Day-2 Operations
Monitoring, troubleshooting, scaling, and on-call response.
Health checks
| Endpoint | Returns |
|---|---|
GET /health | 200 · { status: "healthy", timestamp, version } |
GET /ready | 200 · { ready: true } (no DB hit) |
Logs
wrangler tail inboxos --format pretty wrangler tail inboxos --status error wrangler tail inboxos --method POST
Every line is structured JSON with a requestId — same id surfaced in the response envelope.
Cron triggers
| Cron | Job |
|---|---|
17 * * * * | Idempotency purge + scheduled-email flush |
30 4 * * * | Daily analytics rollup |
Rollback
wrangler deployments list # find a known-good version wrangler rollback <version-id>
Backup & restore
D1 has point-in-time recovery built in:
wrangler d1 backup list inboxos wrangler d1 backup download inboxos <backup-id> wrangler d1 backup restore inboxos <backup-id>
For R2, set up a scheduled cron Worker that copies tenants/ to a backup bucket once a day.
Common failures
"Worker exceeded its memory limit"
Likely cause: oversized attachment via inline base64. Switch to File Cache — upload once, reference by fileId. Mailgrid streams from R2 instead of holding the full file in memory.

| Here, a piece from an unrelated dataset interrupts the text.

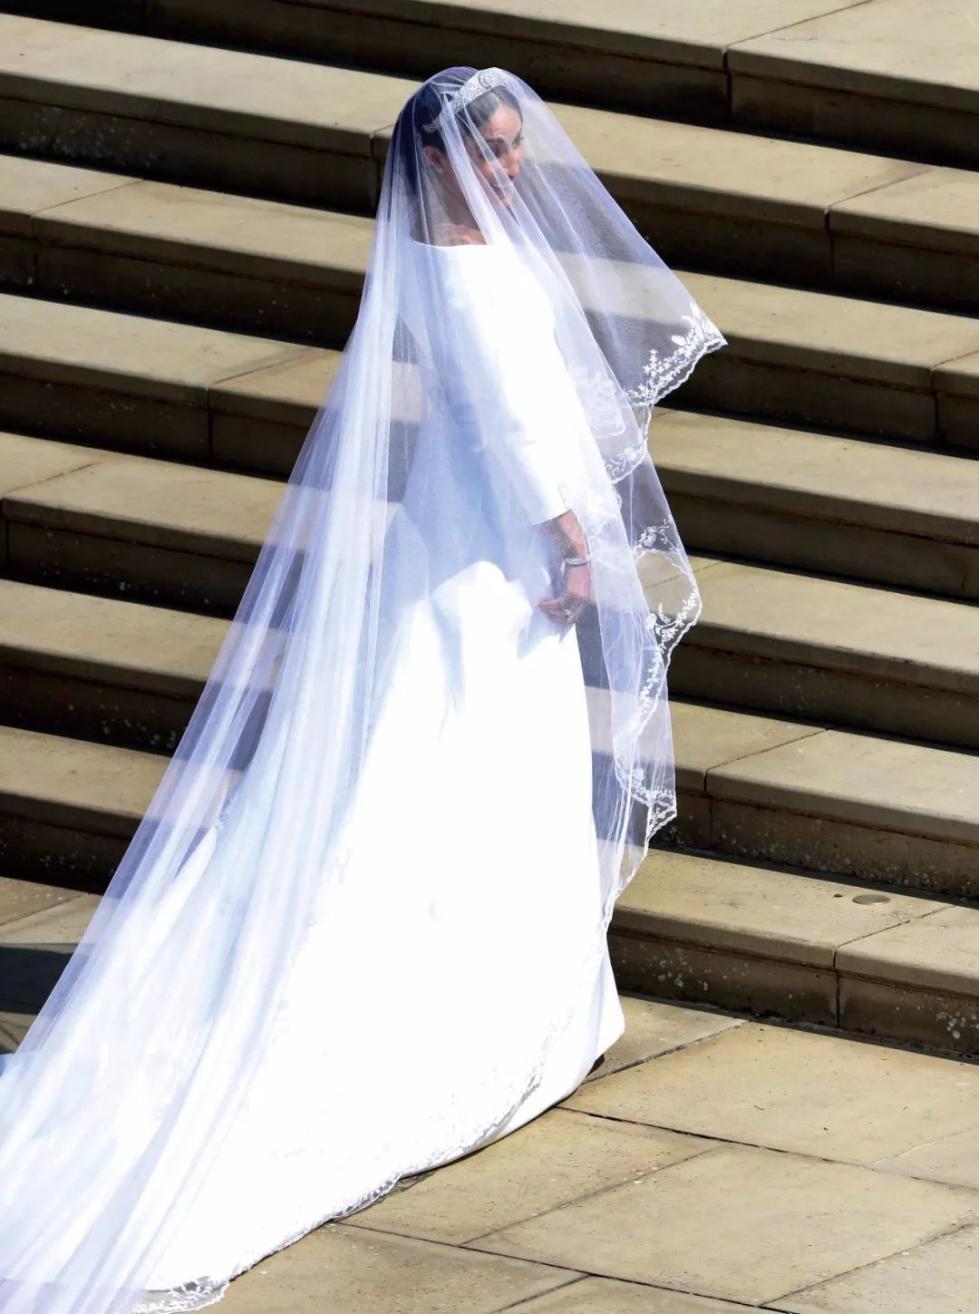 隐藏在皇家婚纱中的时尚密码,你get到了吗

"SES upstream failed: 403 SignatureDoesNotMatch"
Either AWS_ACCESS_KEY_ID / AWS_SECRET_ACCESS_KEY is wrong, or AWS_REGION doesn't match the verified SES identity's region.
wrangler secret list # confirm secrets exist grep AWS_REGION wrangler.toml # confirm region
"ses:FromAddress denied"
The IAM policy restricts From: to verified domains. Either verify the new domain, or edit the policy to allow more.
"DKIM-Signature: bad"
DKIM CNAMEs are proxied (orange cloud) in Cloudflare. Toggle them to DNS-only (grey cloud). The proxy rewrites the body and breaks the signature.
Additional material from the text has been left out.